Transcribe everything in the listing as written, and let no image into the copy.

(Beginning of Given material)

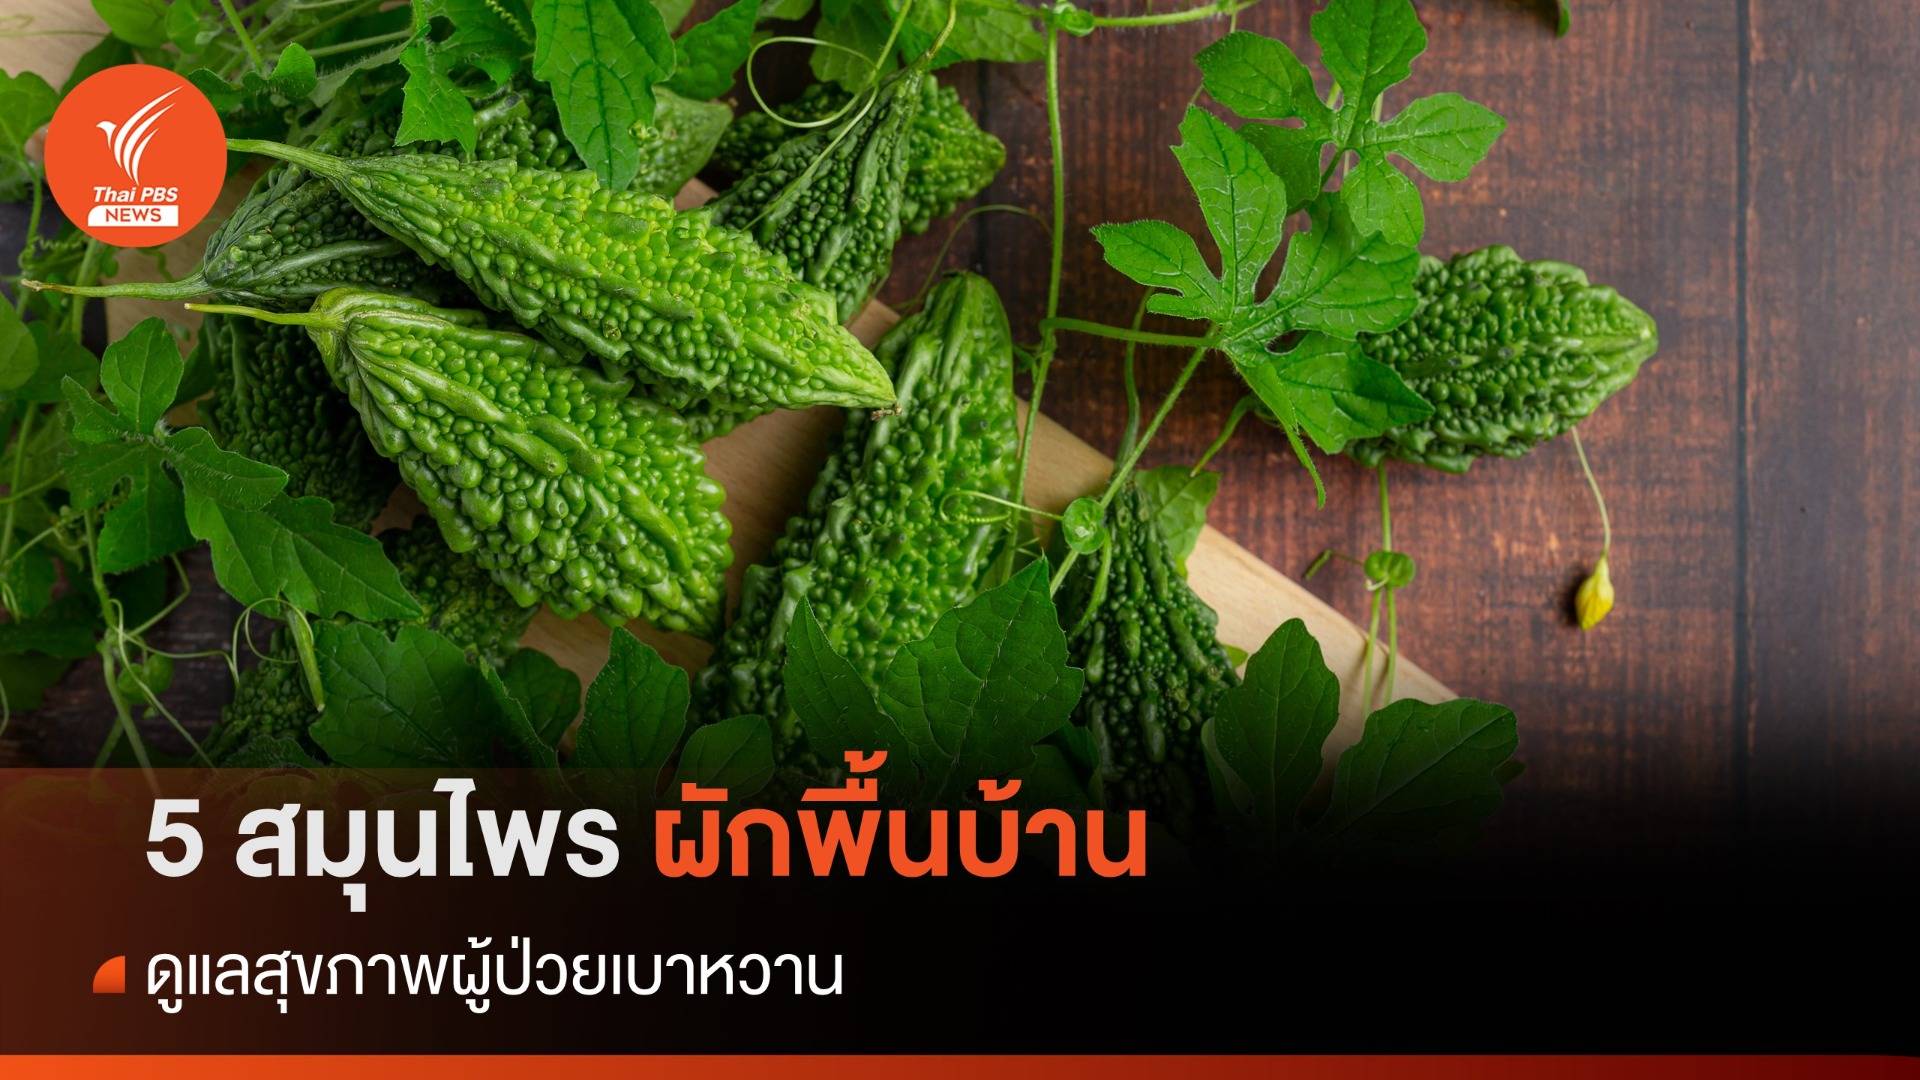 5 สมุนไพรผักพื้นบ้าน 1 ตำรับยาไทย พิชิตเบาหวาน
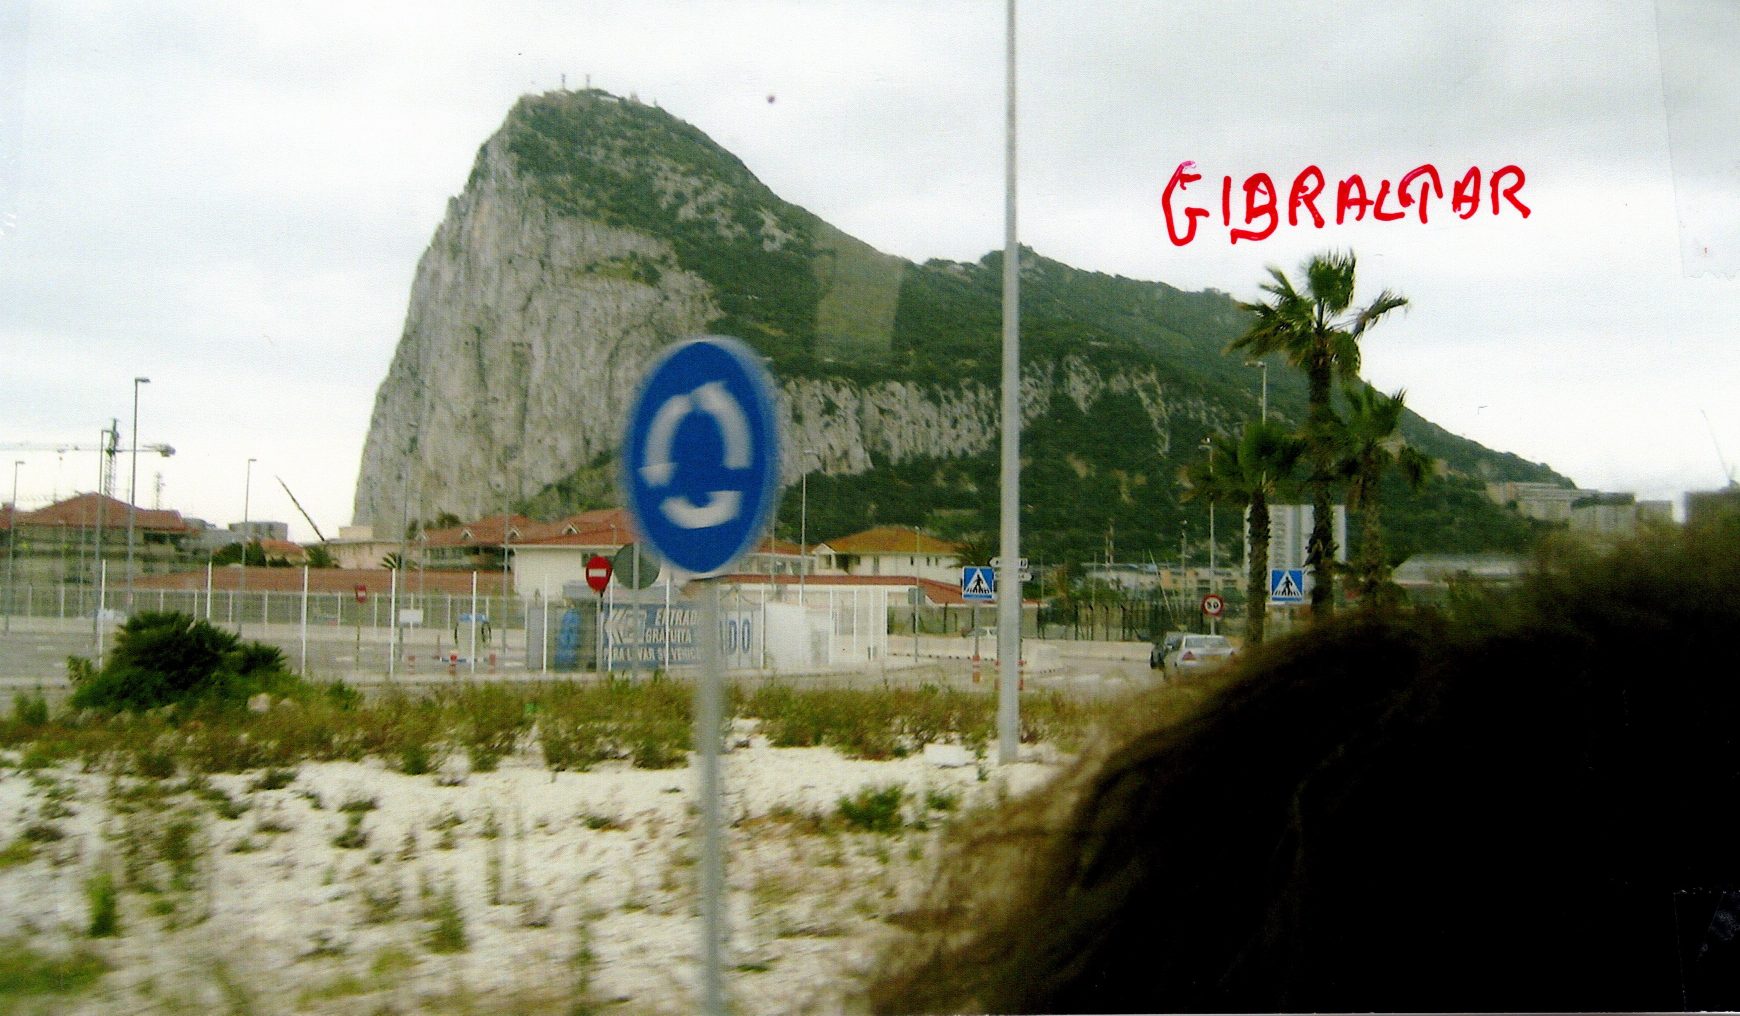 2018-Gibraltar
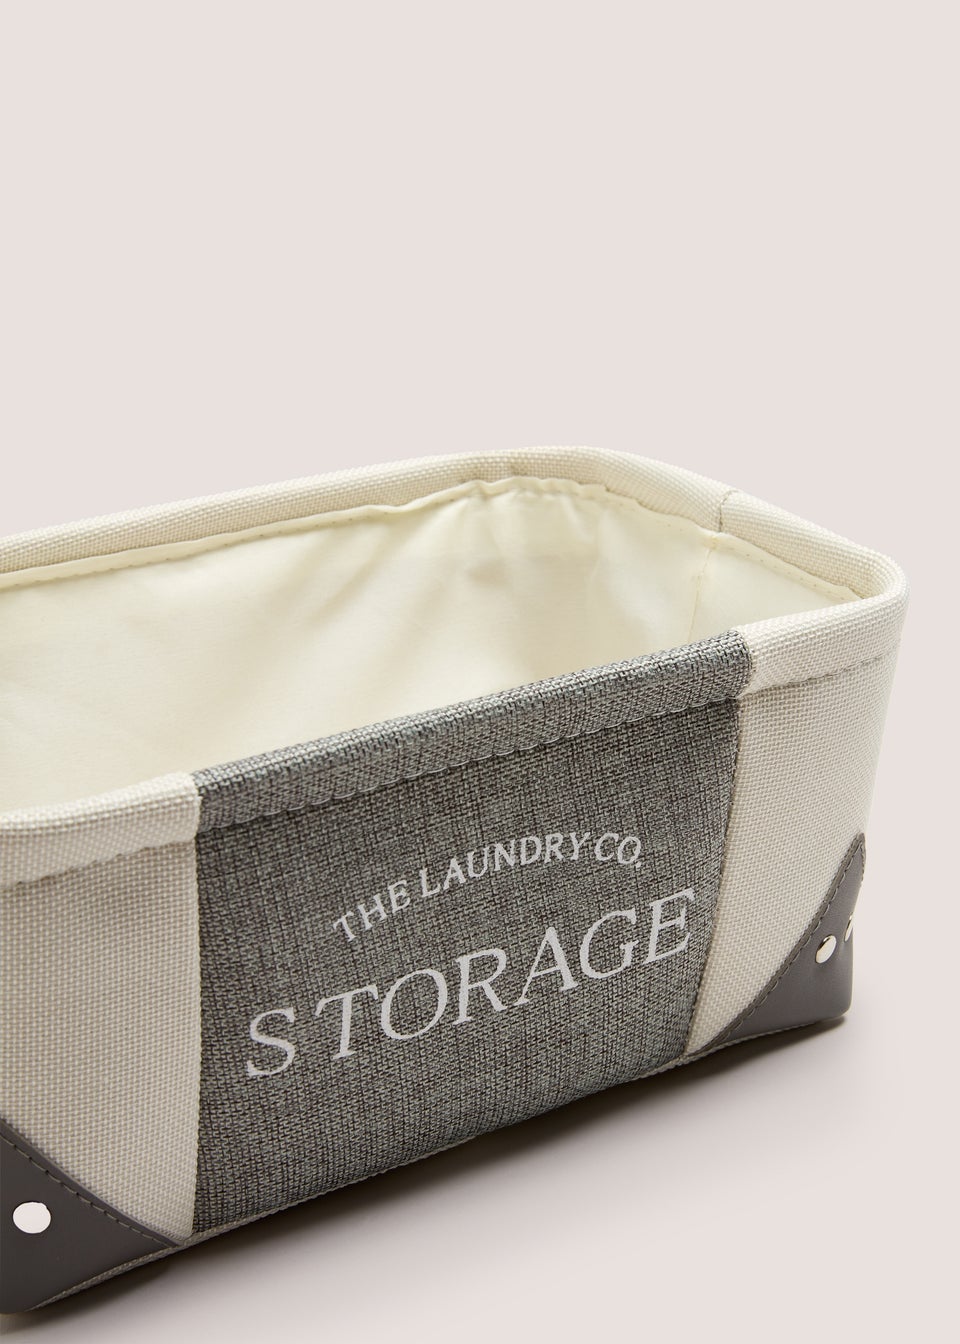 Laundry Co Grey Fabric Storage (55x30x13cm)

(End of Given material)

The answer ::
 5 สมุนไพรผักพื้นบ้าน 1 ตำรับยาไทย พิชิตเบาหวาน
 2018-Gibraltar
 Laundry Co Grey Fabric Storage (55x30x13cm)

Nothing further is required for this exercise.